• _Task item_
No pictures belong in the copy, but every line of the material below must be reproduced exactly.

─── Recorded data

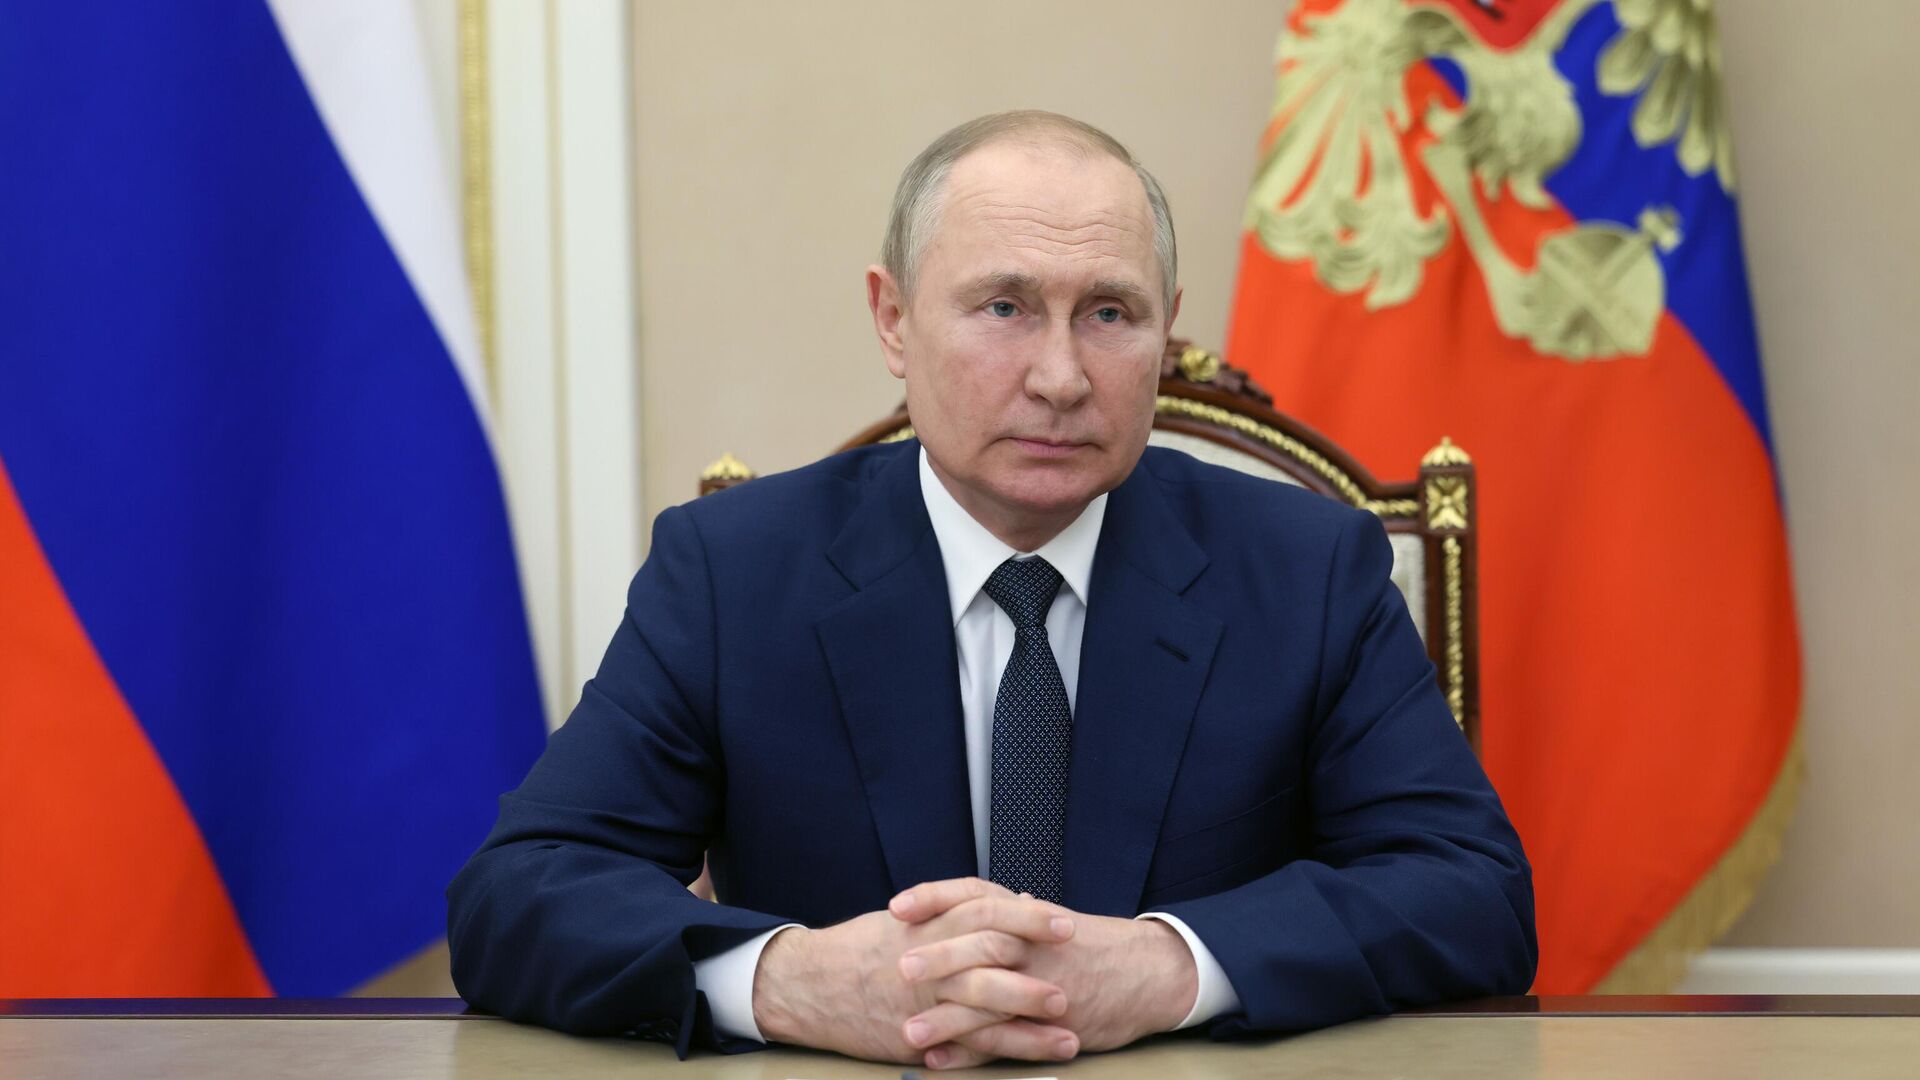 Мирзиёев наградил Путина орденом Высшей степени
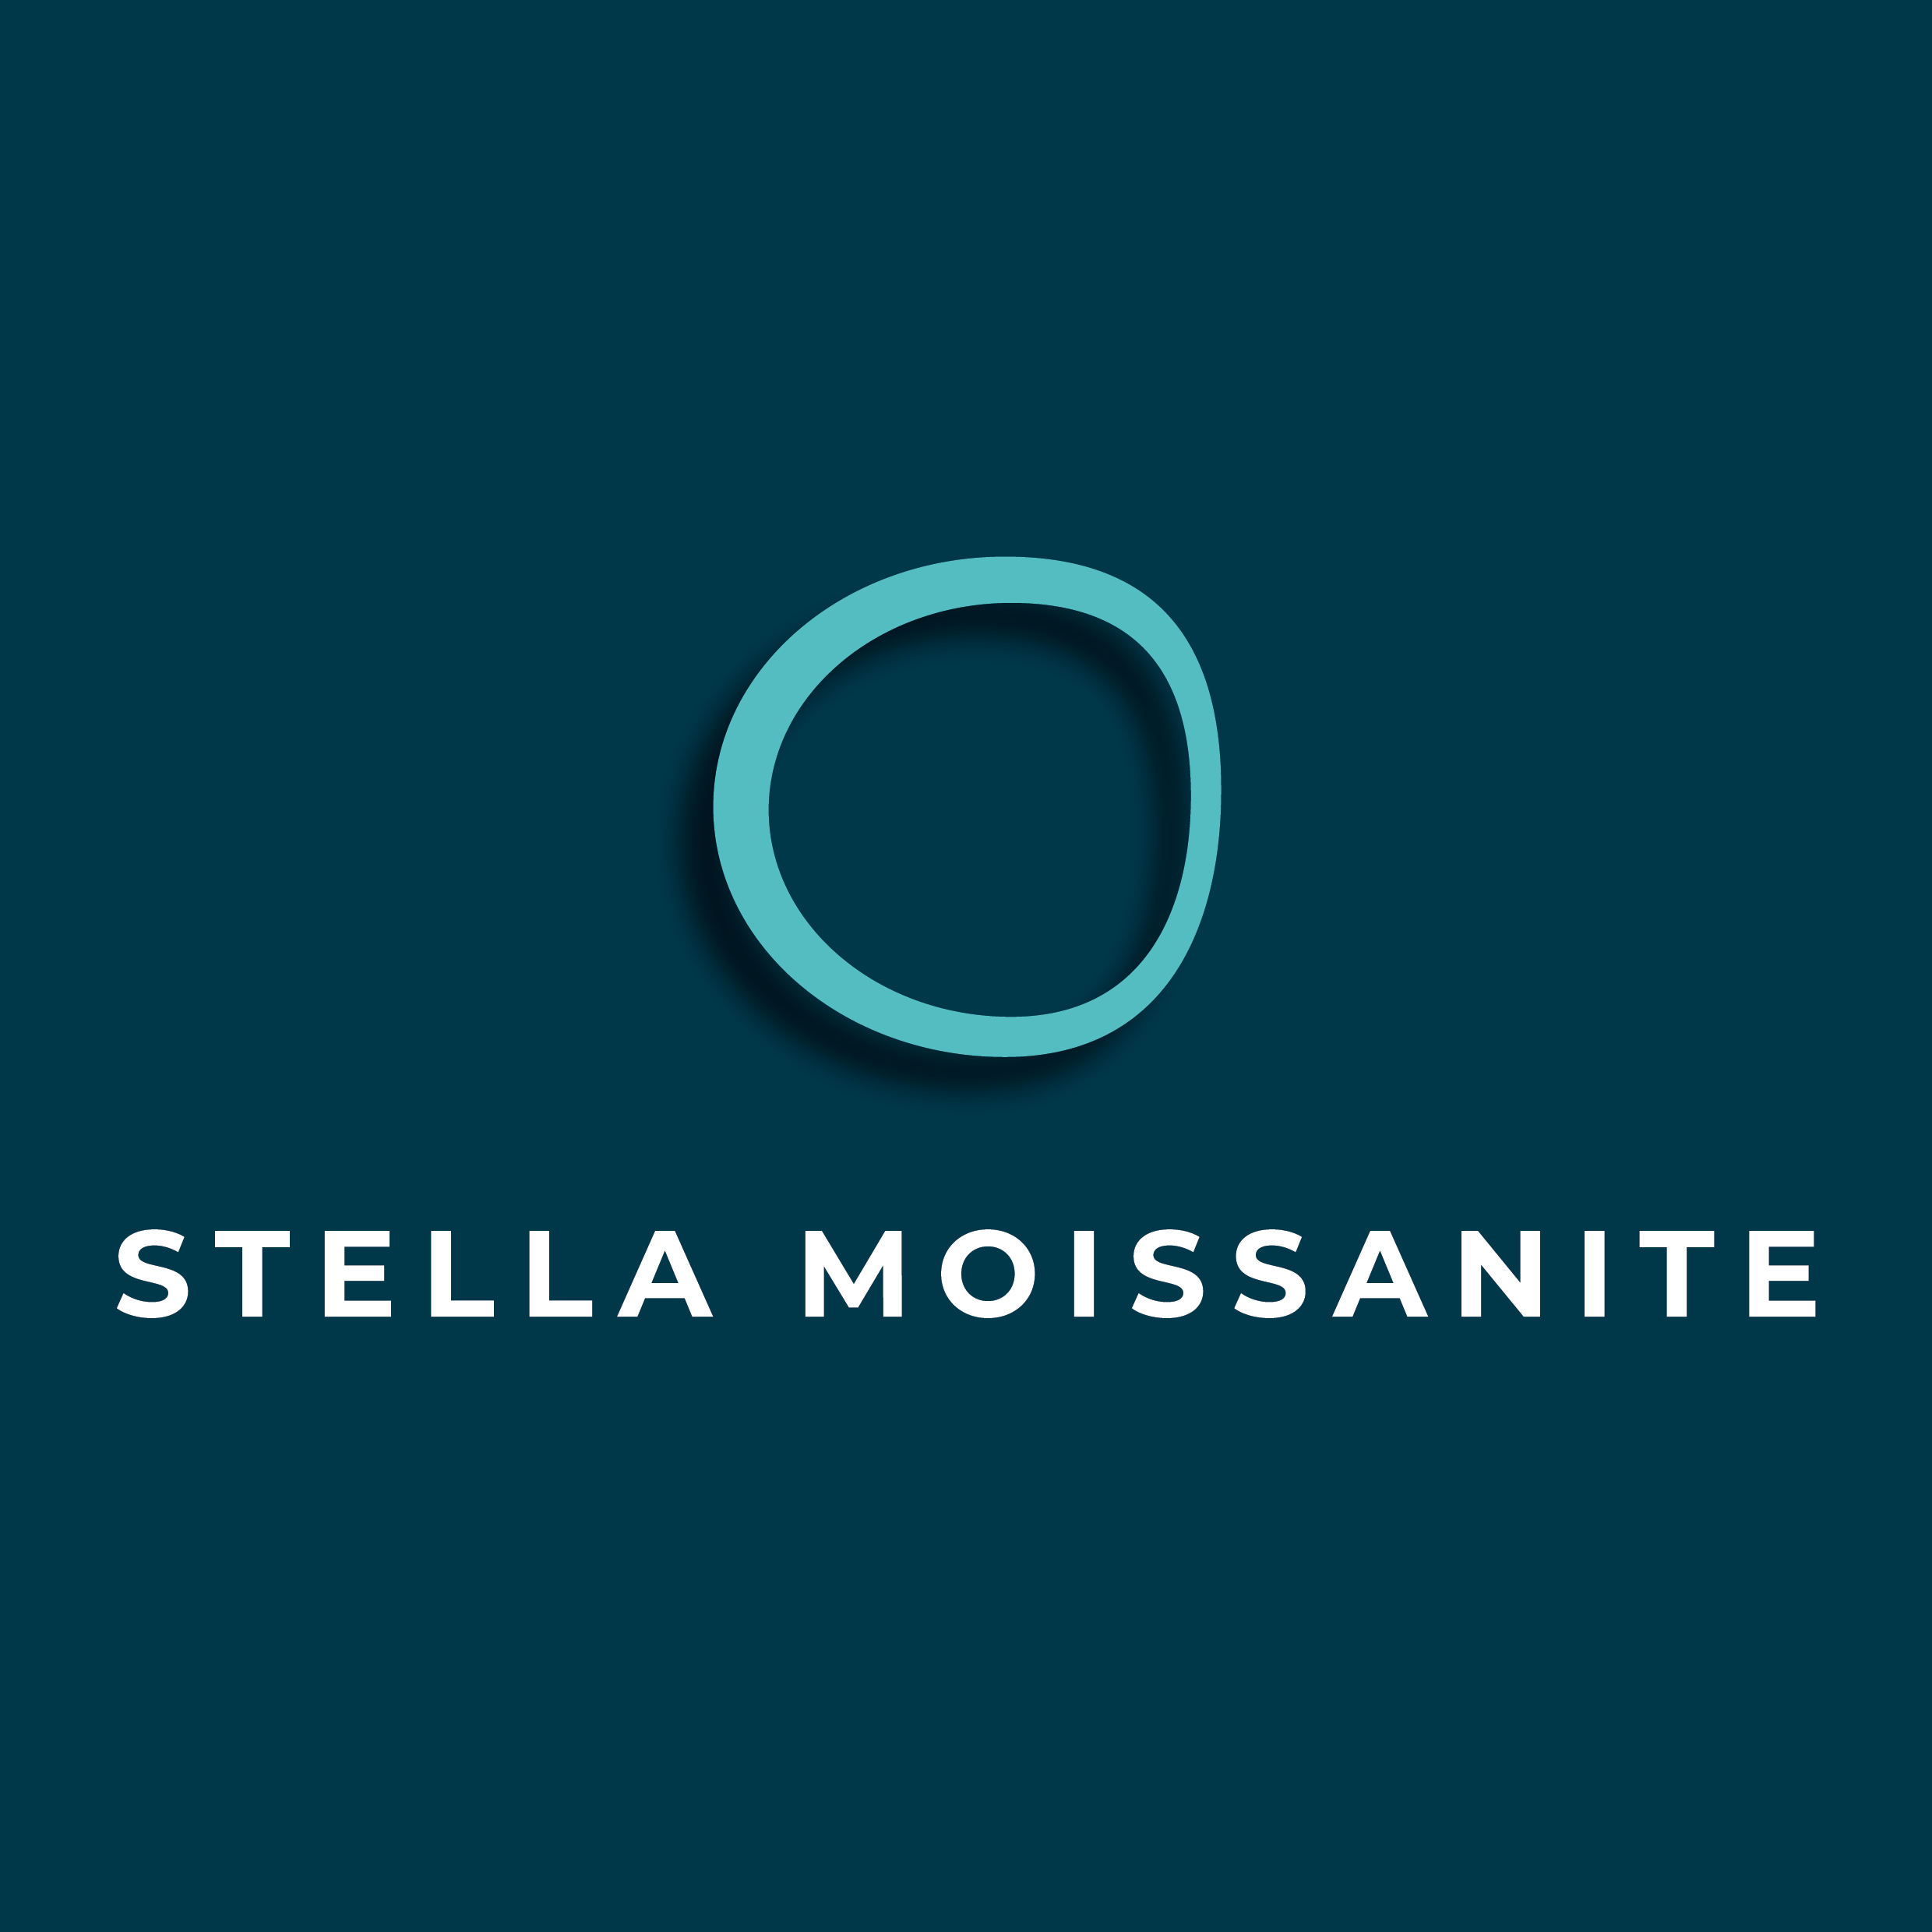 Stella Moissanite
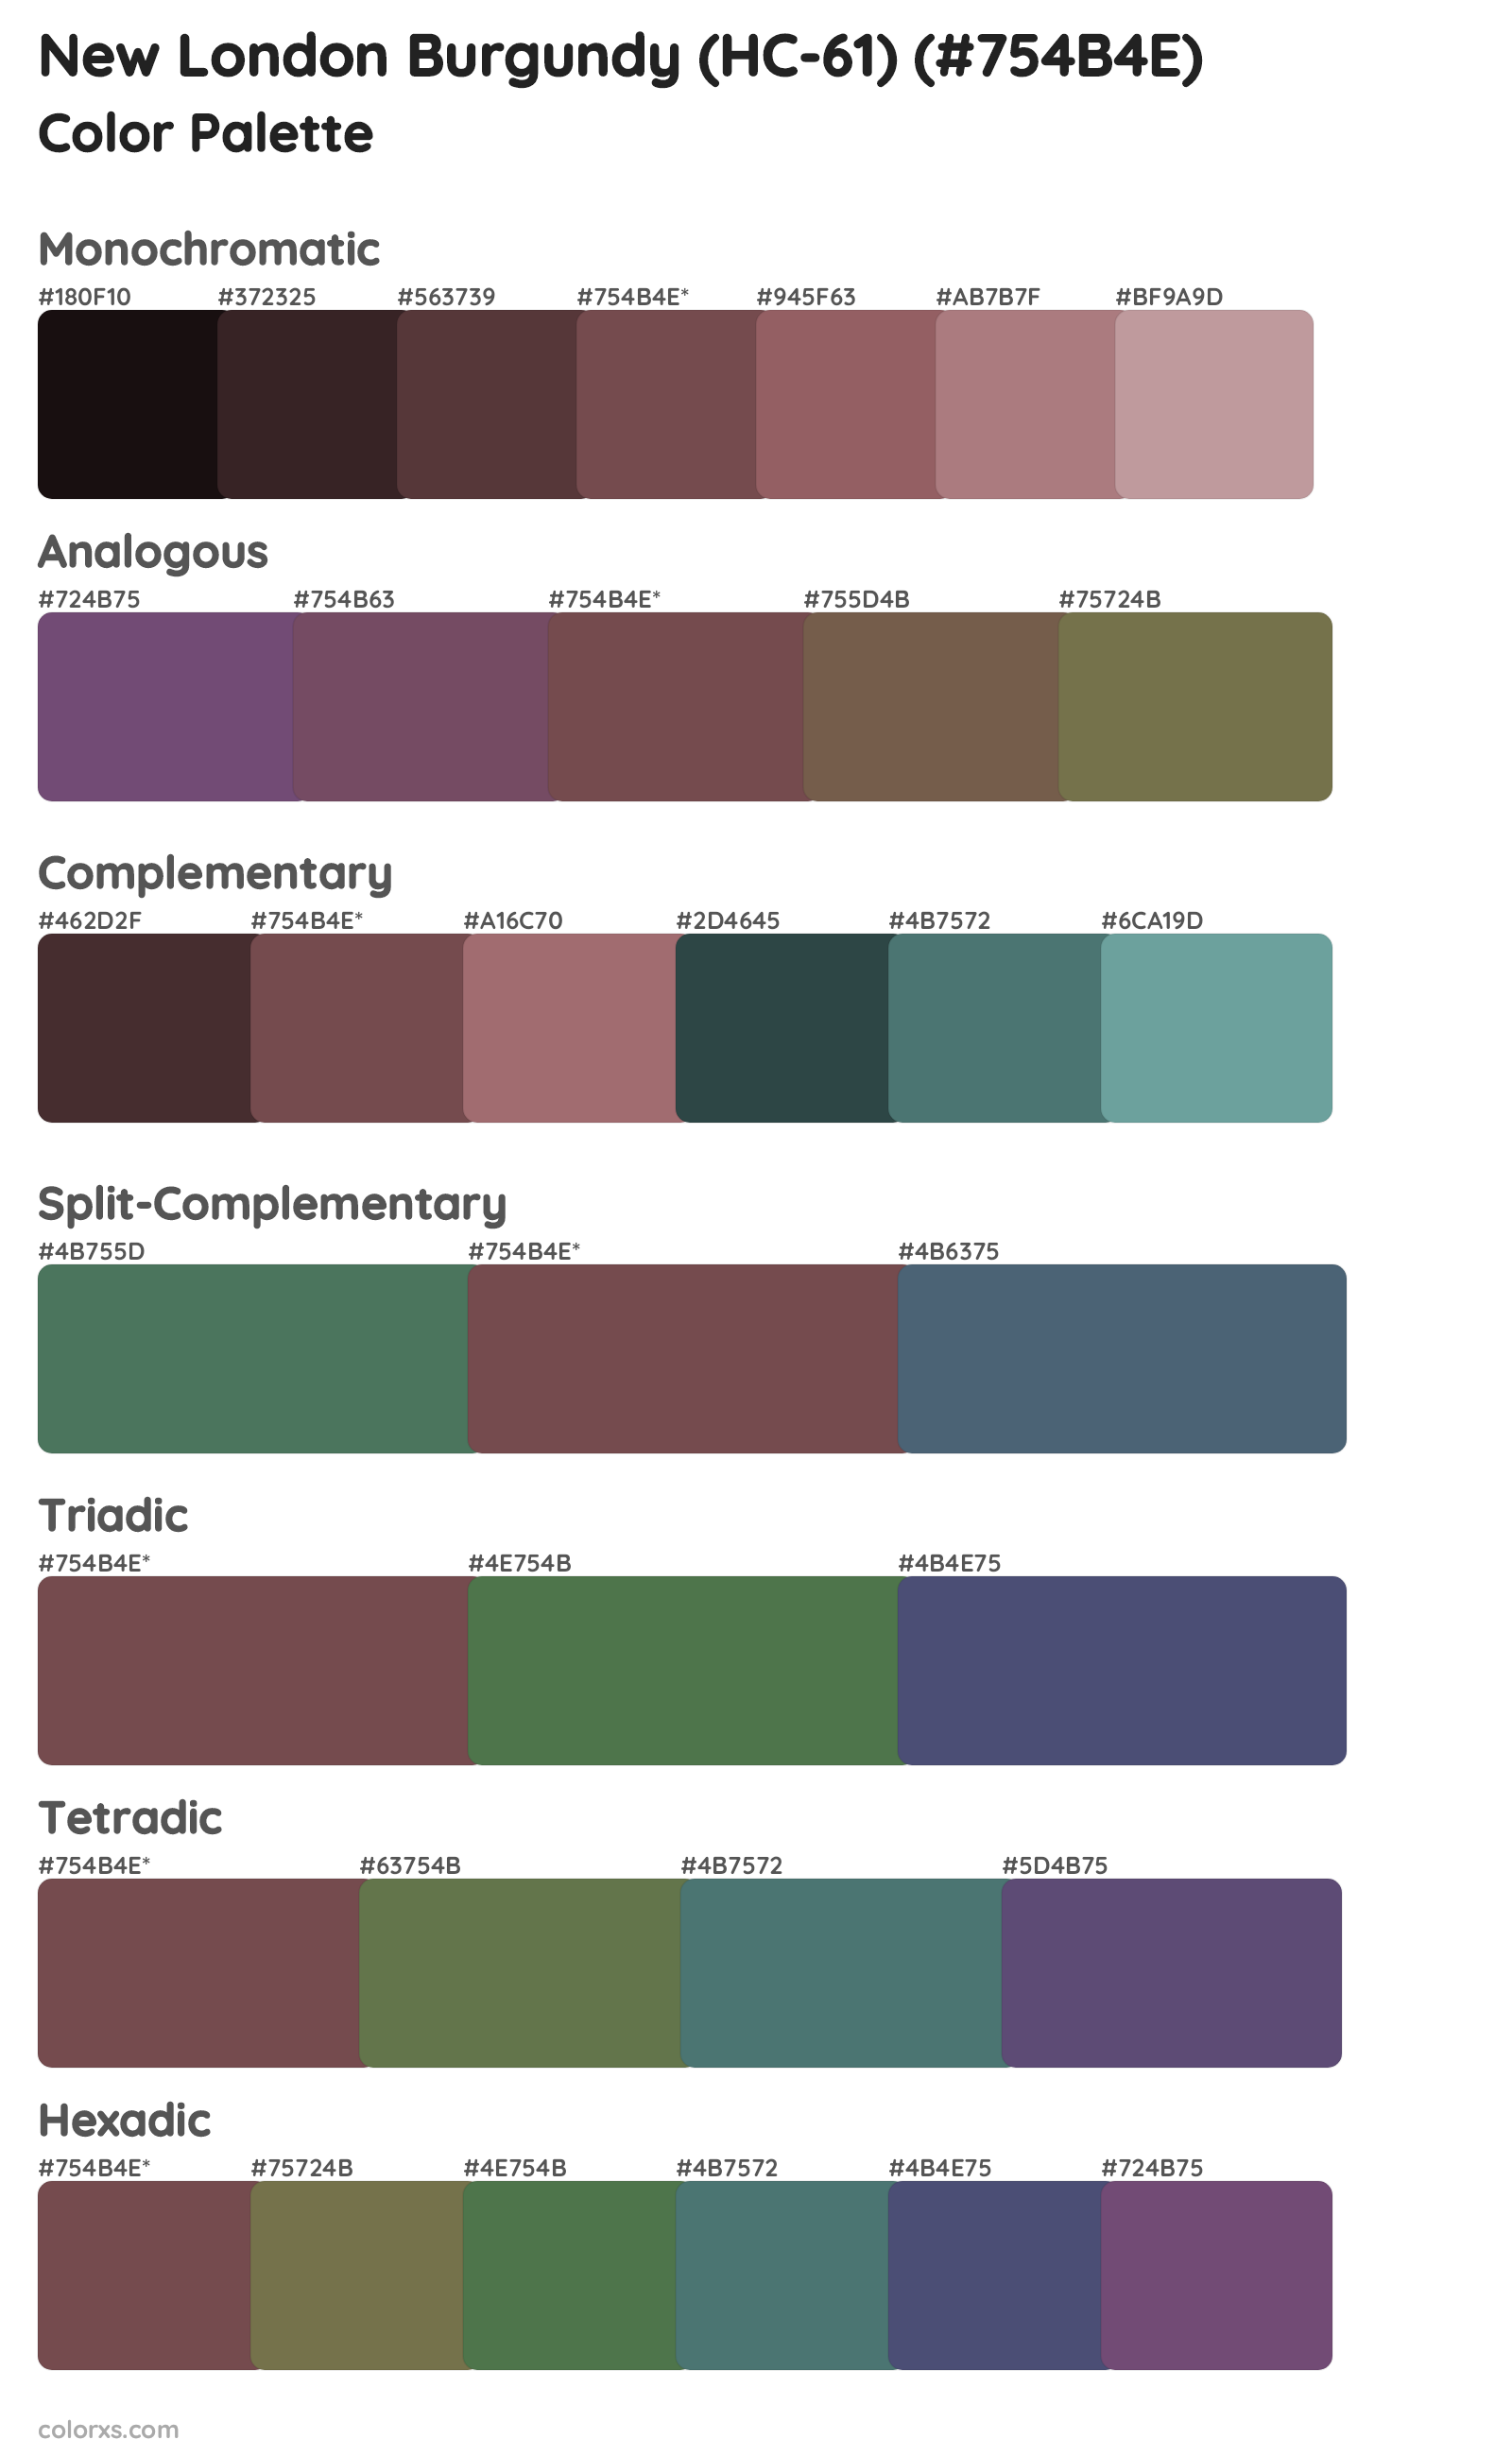 New London Burgundy (HC-61) Color Scheme Palettes

──────

• _Solution to this exercise_
 Мирзиёев наградил Путина орденом Высшей степени
 Stella Moissanite
 New London Burgundy (HC-61) Color Scheme Palettes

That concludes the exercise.